On Thu, Aug 29, 2019 at 09:50:48AM +0200, Andre Stoebe wrote:
> On 29.08.2019 01:59, Steven Shockley wrote:
> > So, many thanks to everyone who put together the new -stable updates for
> > packages.  Is there a command I can put in the crontab that will only
> > output if there are updates?  Similar to what syspatch or openup does.
> > I tried pkg_add -unx, but that still tells me to delete old files and
> > prints the quirks line even if there are no updates.
> 
> Hi Steven,
> 
> here's what I came up with in my /etc/daily.local file...
> 
> (pkg_add -suv | sed -En 's/^Adding (.+)\(pretending\)/\1/p') 2>&1 \
>     | grep -v ': Requesting'
> 
> Initially I didn't use the verbose option and a simpler sed expression,
> but I eventually found that pkg_add's output differs whether a terminal
> is attached or not. So that's what works for me.
> 
> Regards
> Andre

You could also do as sysupgrade(8) does and download the SHA256 file,
compare it to a locally stored copy of it. If it is different, there
are new packages and you can try running "pkg_add -u" when you have
the inclination to do so (or immediately from the same script).

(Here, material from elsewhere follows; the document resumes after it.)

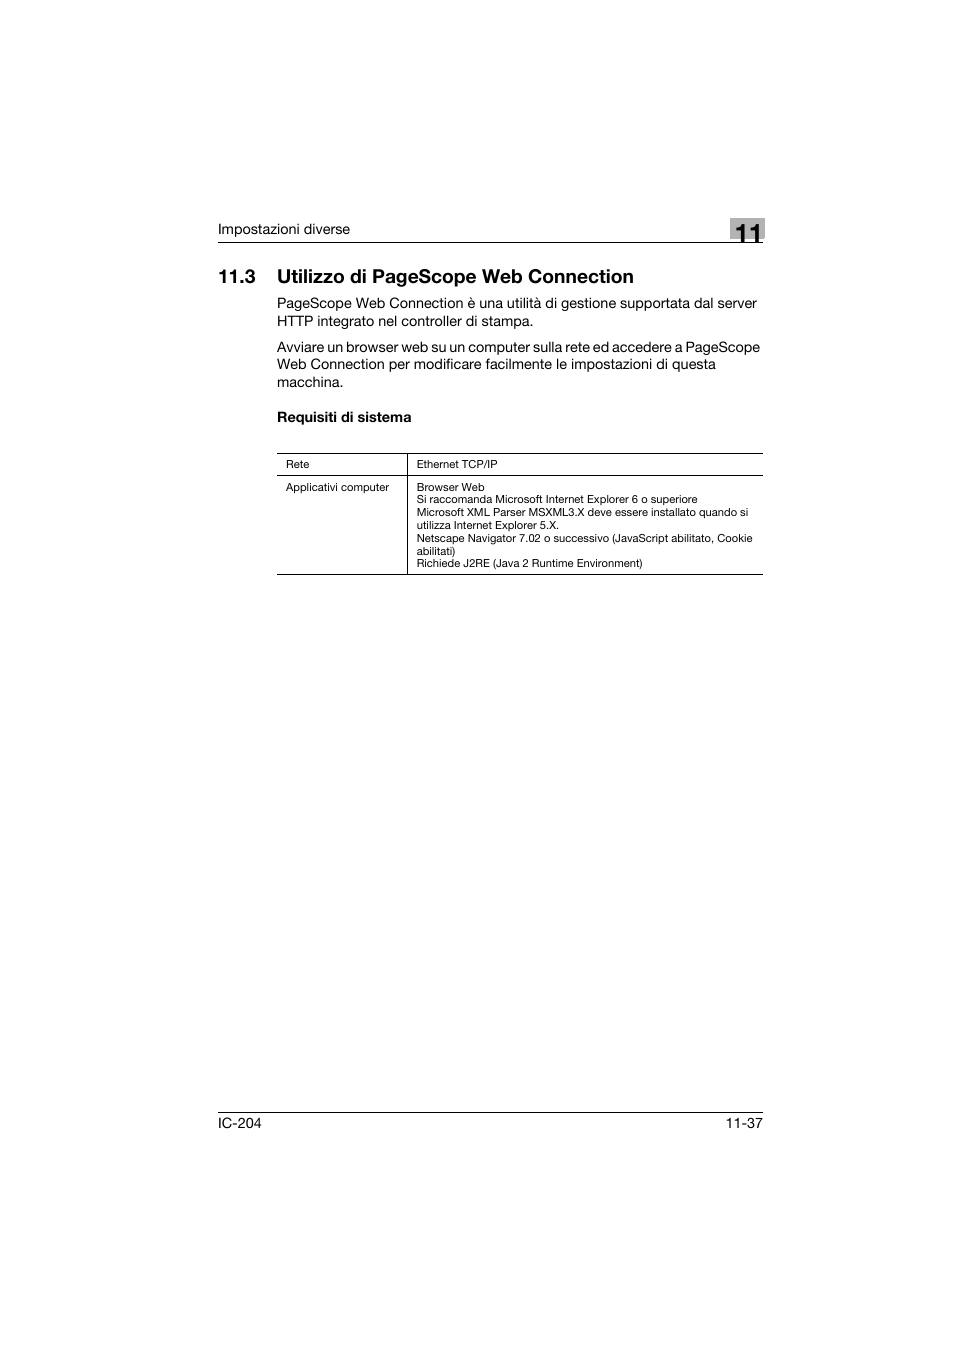 Requisiti di sistema, Requisiti di sistema -37, 3 utilizzo di pagescope web connection | Konica Minolta IC-204 Manuale d'uso | Pagina 353 / 430

Then
update the locally stored copy of the SHA256 file with the version just
downloaded.

This is my script (note: I'm following snapshots rather than -stable, so
some slight tweaking will be neccesary).  I'm running it with my
unprivilegied user from the command line to upgrade everything (the
first "doas sysupgrade" is not commented out in my version):

#!/bin/sh -eux

# doas sysupgrade  # to also make sure that the system is up-to-date

tmpfile=$(mktemp)
stamp=$HOME/.sha256.ports

trap 'rm -f "$tmpfile"' EXIT

read installurl </etc/installurl

curl -s -o "$tmpfile" "$installurl/snapshots/packages/$(arch -s)/SHA256"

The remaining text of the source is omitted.